Maybe you can’t relate to this, but these were my fears as a young girl. I felt like women already had the short end of the stick in life, and adding submission to the mix would only make a bad situation worse.
It didn’t help that in many churches, the teaching on submission was heavy-handed. I lost count of the number of sermons where Ephesians 5:22 was hammered at women while verse 25 (which charges husbands to love sacrificially, as Christ loved the church) was skimmed over. It felt unfair and prejudicial. I even started skipping wedding services and going straight to the reception to avoid hearing another lopsided message!
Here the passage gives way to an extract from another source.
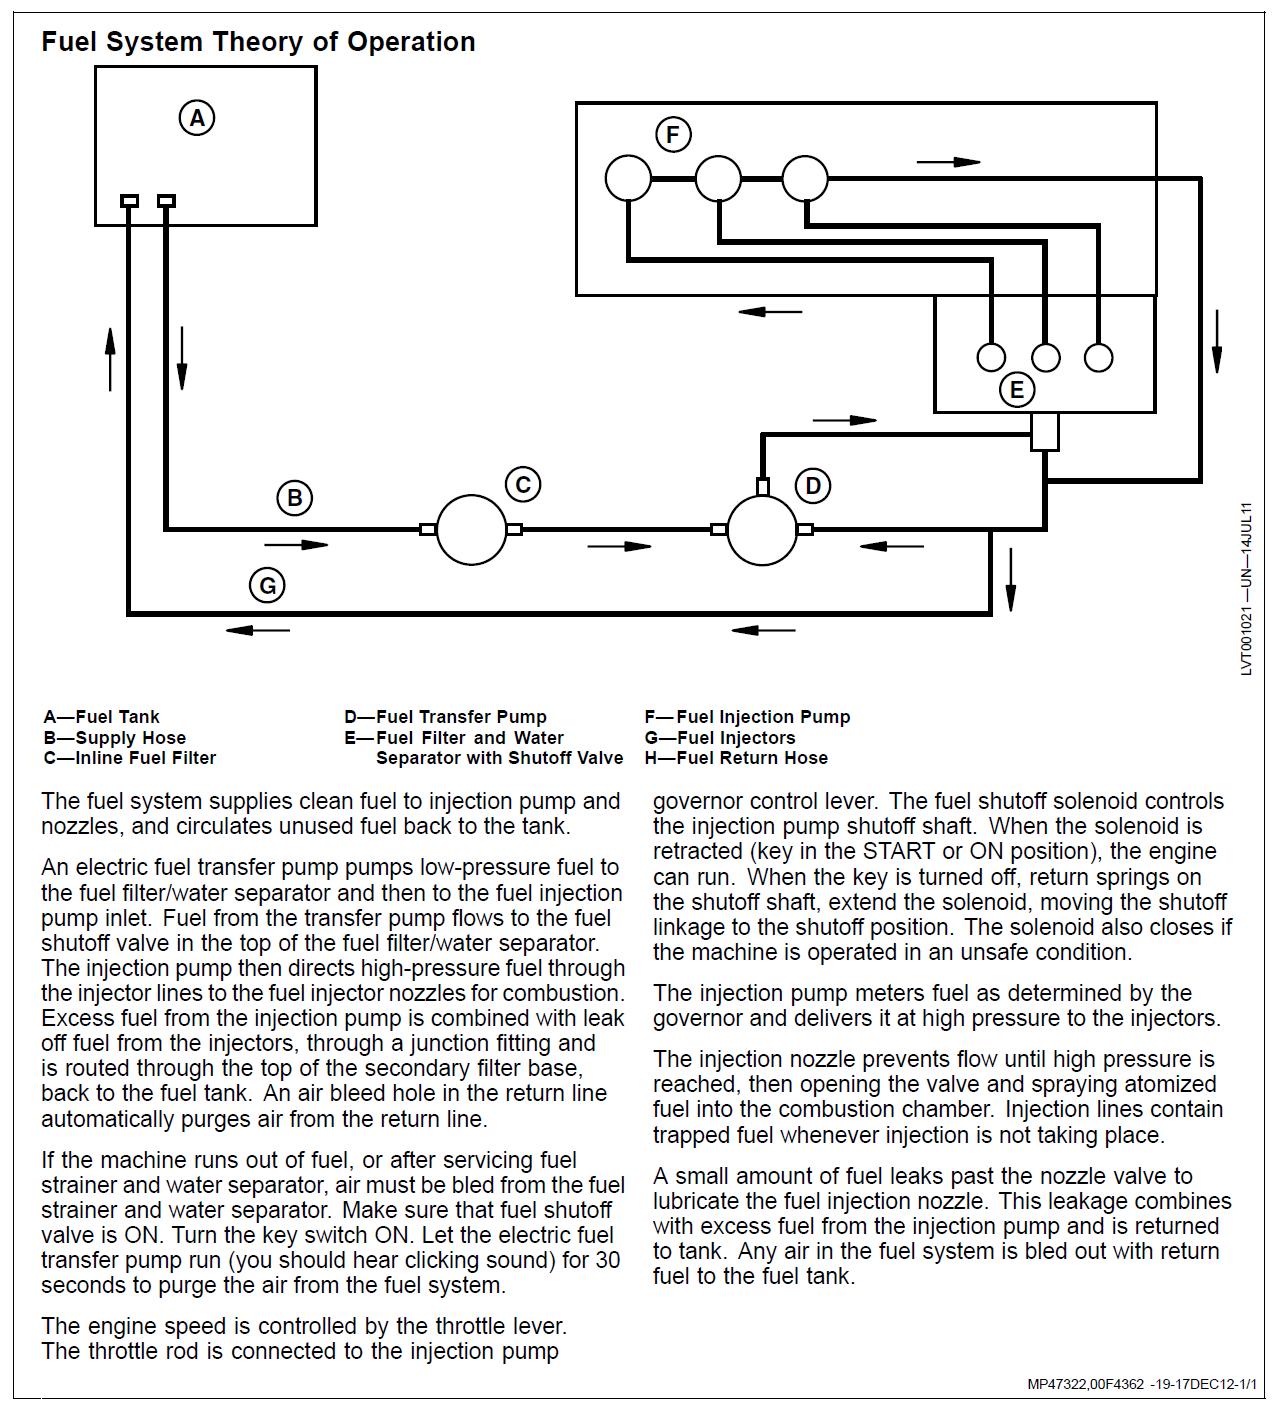 diagnose fuel solenoid 1023 ? - Page 2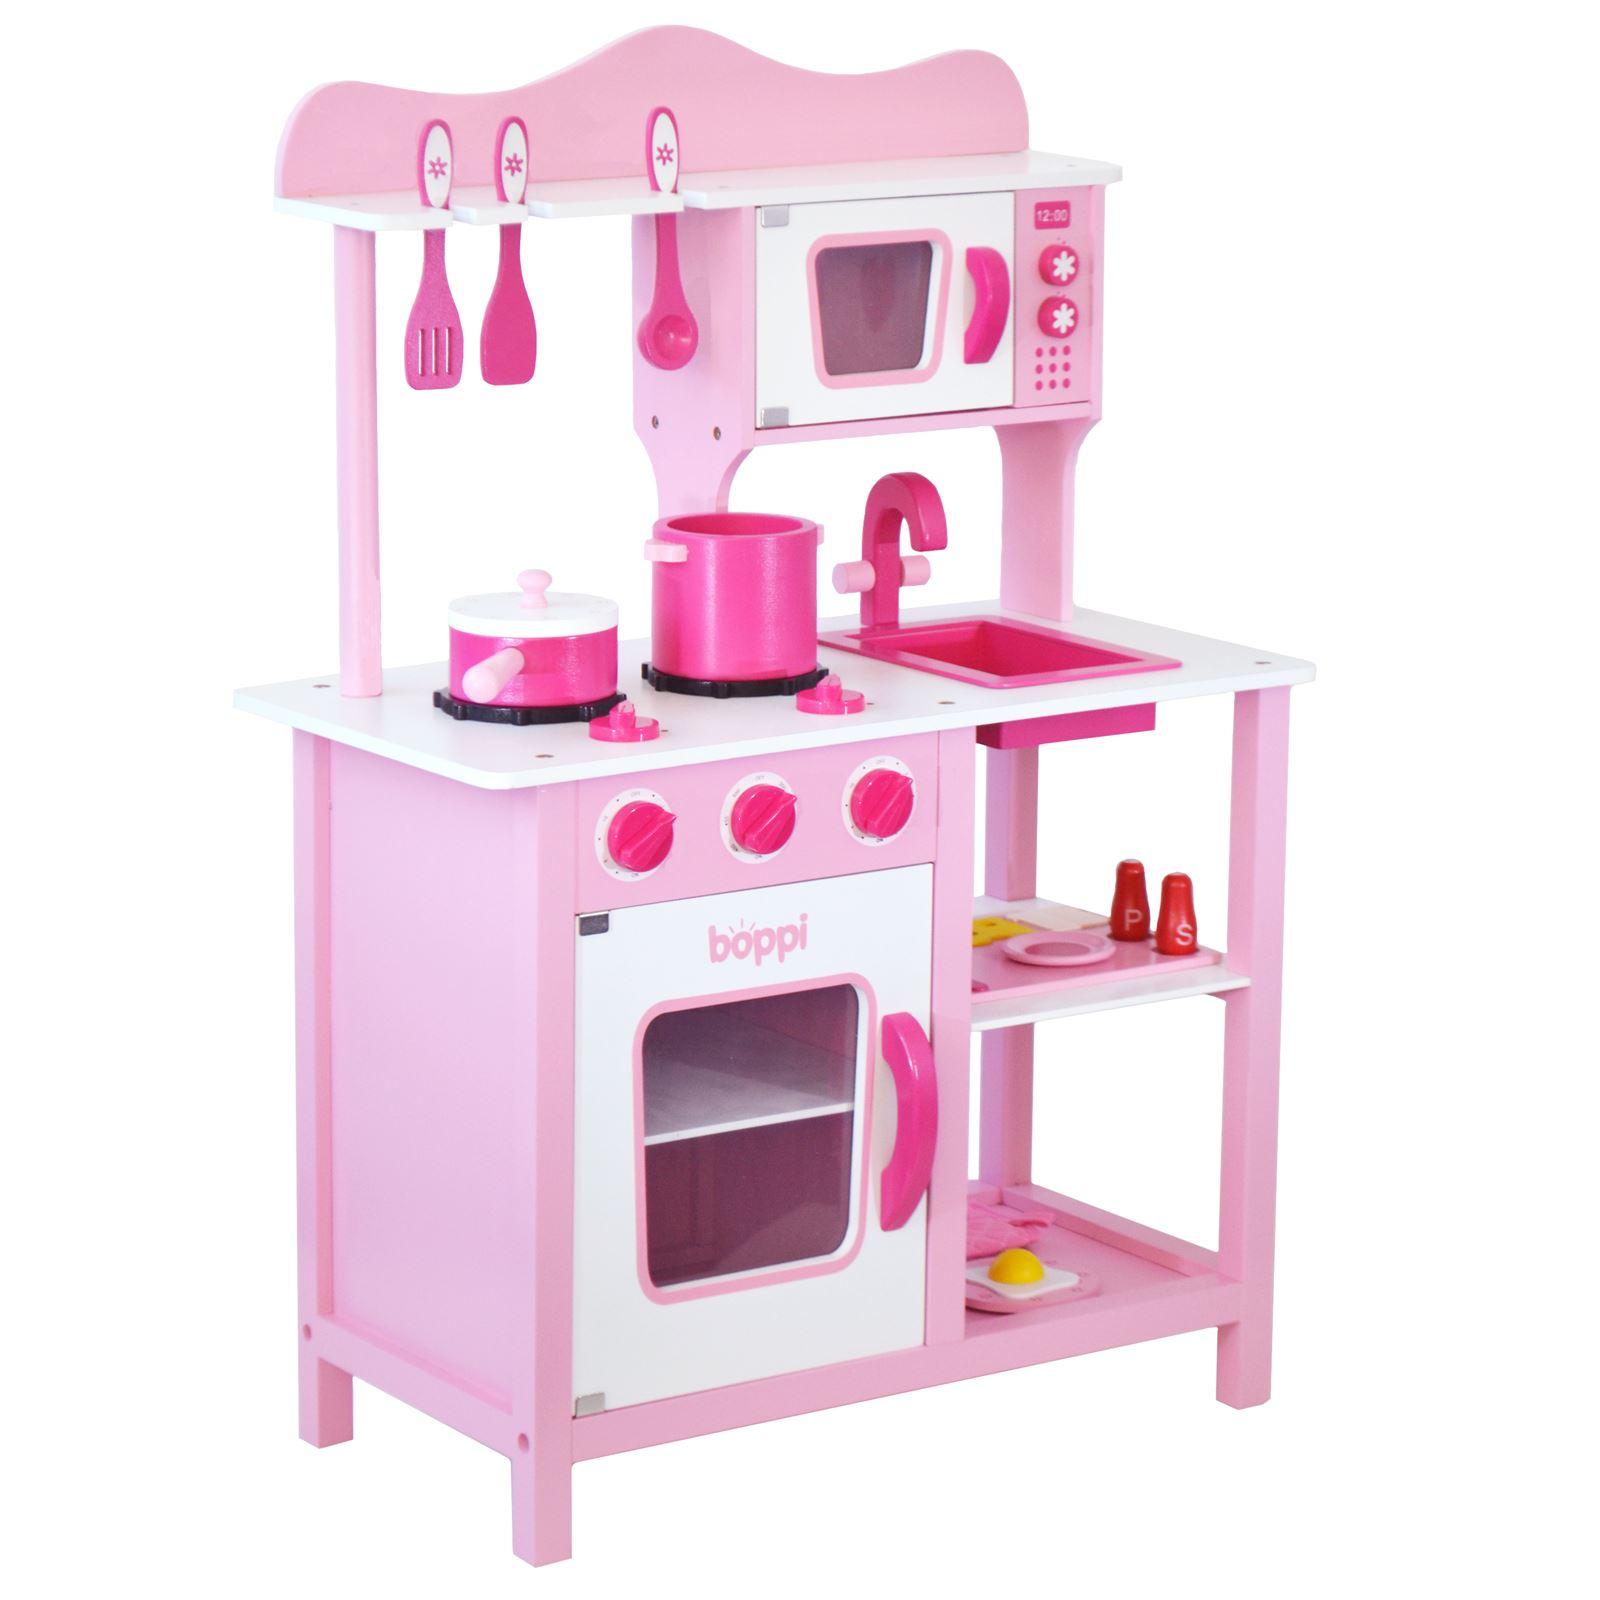 Bambini ragazze rosa giocattolo in legno cucina with 20 for Cocina juguete imaginarium

But as I grew and matured in the Lord, sometimes painfully, with many wrestles, I began to see God’s true heart on the matter. Submission, as God designed it, is not punishment. It is a pathway to joy, elevation, and divine order.
Why Should Women Submit?
The most referenced (and most misunderstood) scripture on submission is Ephesians 5:21–22:
“Submit to one another out of reverence for Christ. Wives, submit yourselves to your own husbands as you do to the Lord.”
For years, I wrestled with this verse. But I came to see that biblical submission is not about inferiority. It is about order.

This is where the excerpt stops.